Maybe this one (the first part, anyway) isn't that bad. I love research and infodumping. Like many people with chronic illness, I am an expert in the things that are wrong with me. And I did used to actually teach. Nevertheless, trying to educate people about chronic illness can be difficult and time-consuming. The fear of not being taken seriously is also extremely real.


Gif saying "it's a teachable moment here, people"

It isn't easy to know how to explain CVID to people in my life. On one hand, I want people to know that it's serious. As my immunologist said, "People do die of this. At the rate of your infections, there would be a point that you go into the hospital, and you don't come back out."


On the other hand, my general "fuck it, we ball" attitude tells me to keep things chill. No need to upset people's delicate anti-death sensibilities or leap to the worst possibility.


And on a mysterious, fucked-up third hand, there's the side of me that knows some people will conclude: "Oh great, a self-pitying hypochondriac"—and that makes me want to say nothing about it at all.


  1. Chronic illness brands you as unreliable, lazy, unengaged, and antisocial. I hate it more than you do.

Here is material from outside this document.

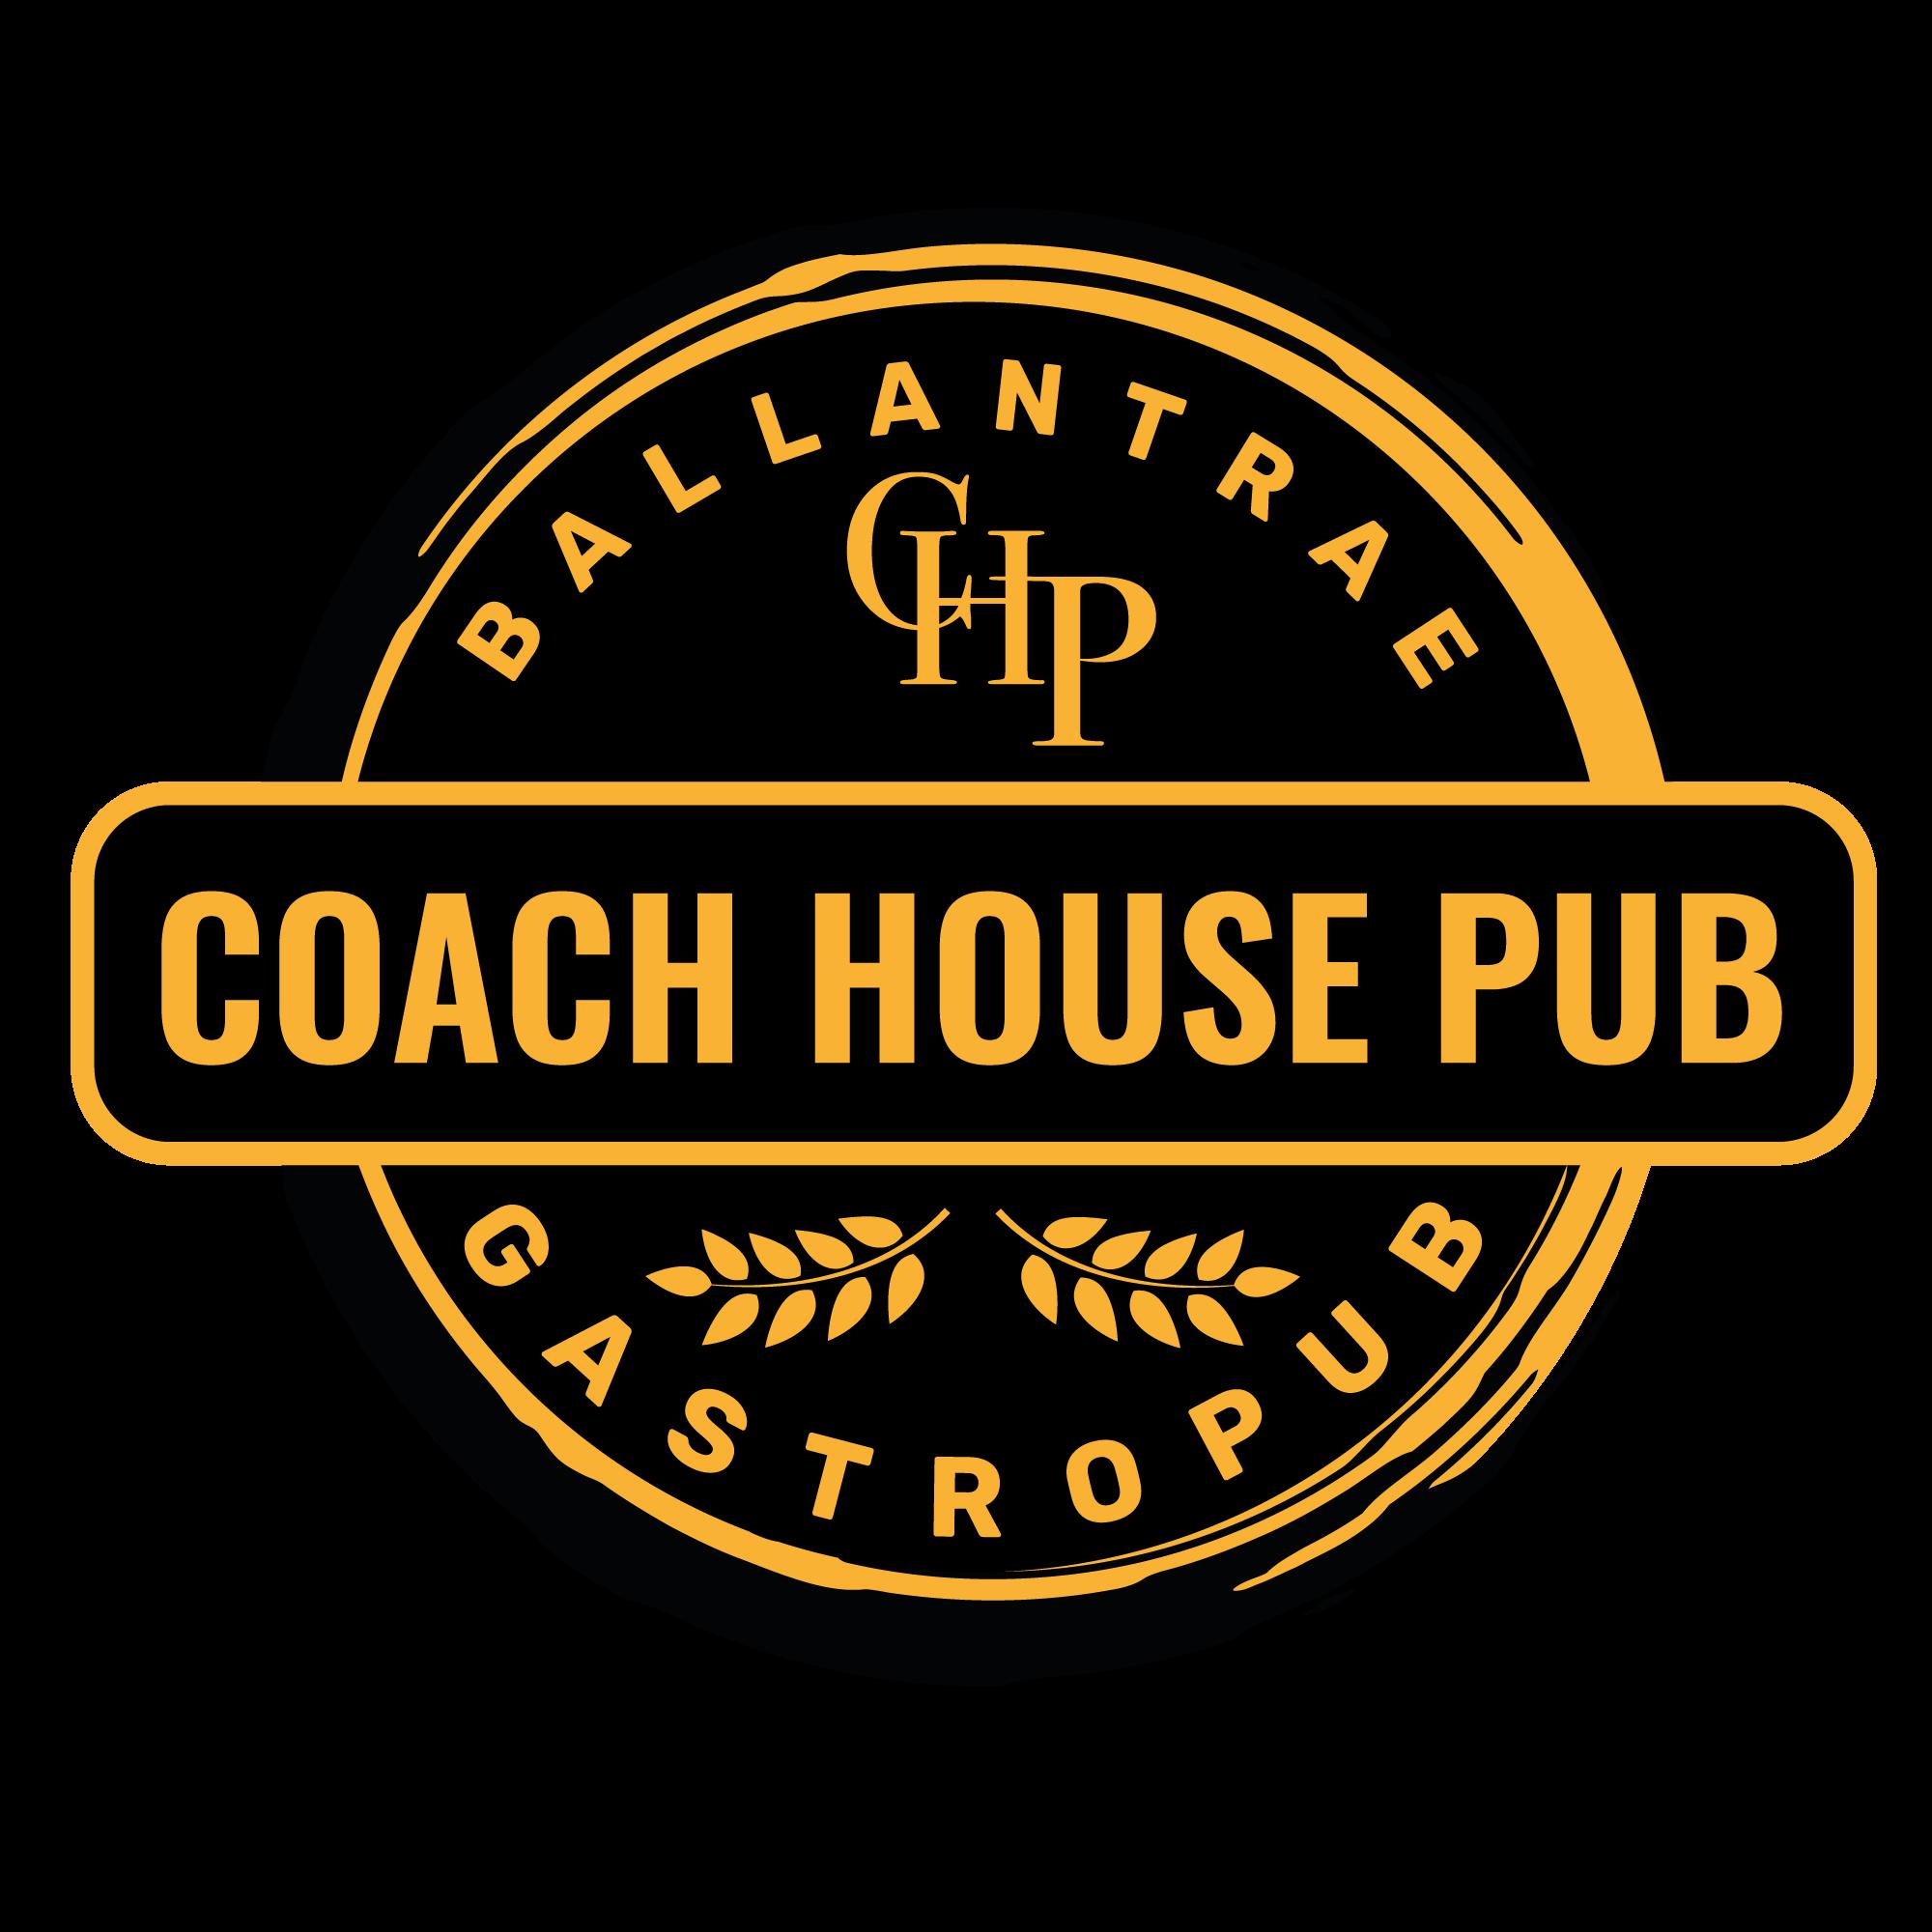 Coach House Pub

Not every chronic illness is the same. In my case, CVID means I get sick way more than most people. When that happens, it's not just a fleeting thing that I will get over. My body can't fight infections or build up immunity the way it should. The sickness is more severe, lasts longer, and exacerbates existing damage—usually to my lungs because I'm most prone to respiratory infections, and they're already so wrecked.

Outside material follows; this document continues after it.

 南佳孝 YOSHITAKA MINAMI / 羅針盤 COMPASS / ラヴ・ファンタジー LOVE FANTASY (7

Knowing that I can hardly go a couple of weeks without getting sick makes planning my life, setting goals, spending time with people I love, and enjoying hobbies difficult. I have a yoga membership at Shine Yoga Studio (they're absolutely marvelous), but I hate that I have to miss my twice-a-week classes (Vinyasa and Restorative) as often as I attend them.


I would like to see my friends more: plan movie and game nights, do random weekend outings, or go to events for interests we share. But the chances of my symptoms holding off long enough to be able to endure things like that are slim. Eventually, people start to notice how often you have to back out of plans and stop asking you to do things.


I'm extremely lucky to work at BigPxl, which offers a flexible schedule with the option to work remotely if I need to. I love my job and my coworkers, and I'm grateful that they understand to the extent that they do.


But I'd be lying if I said a part of me isn't envious that other people can live and work and move and plan without having to think about their health every minute of every day.


I know that's a self-centered thing to say—everybody has struggles—but I can't imagine what would hold me back from accomplishing everything I wanted if I were healthy (other than systemic sociopolitical and economic barriers and the persistent threat of society's collapse, of course).


Speaking of work, the BigPxl holiday party was lit!

(Up until the point that I accidentally ripped my nose ring out, and the bleeding wouldn't stop for like an hour!)


Anyway. Enough bitching about chronic illness.


Sometimes I wish I could just grab people by the sides of their faces and hold our foreheads together and telepathically beam our experiences into each other's prefrontal cortexes until a sublime level of mutual understanding is achieved with no language, no miscommunication, no effort, no fear.


As far as my attempts at psychic expression can tell so far, that isn't possible. I don't really expect people to magically understand or relate to what I'm going through. That's just what it's like for all of us as individuals on different paths.


Chronic illness is going to be with me forever, but with the immunoglobulin replacement therapy, I should keep seeing improvement. I'm grateful to finally have a diagnosis. I'm grateful there's a treatment. And I'm grateful there are people in my life who are committed to being along for the ride...even if I sometimes get sick of being sick and come across as a huge, ungrateful bitch.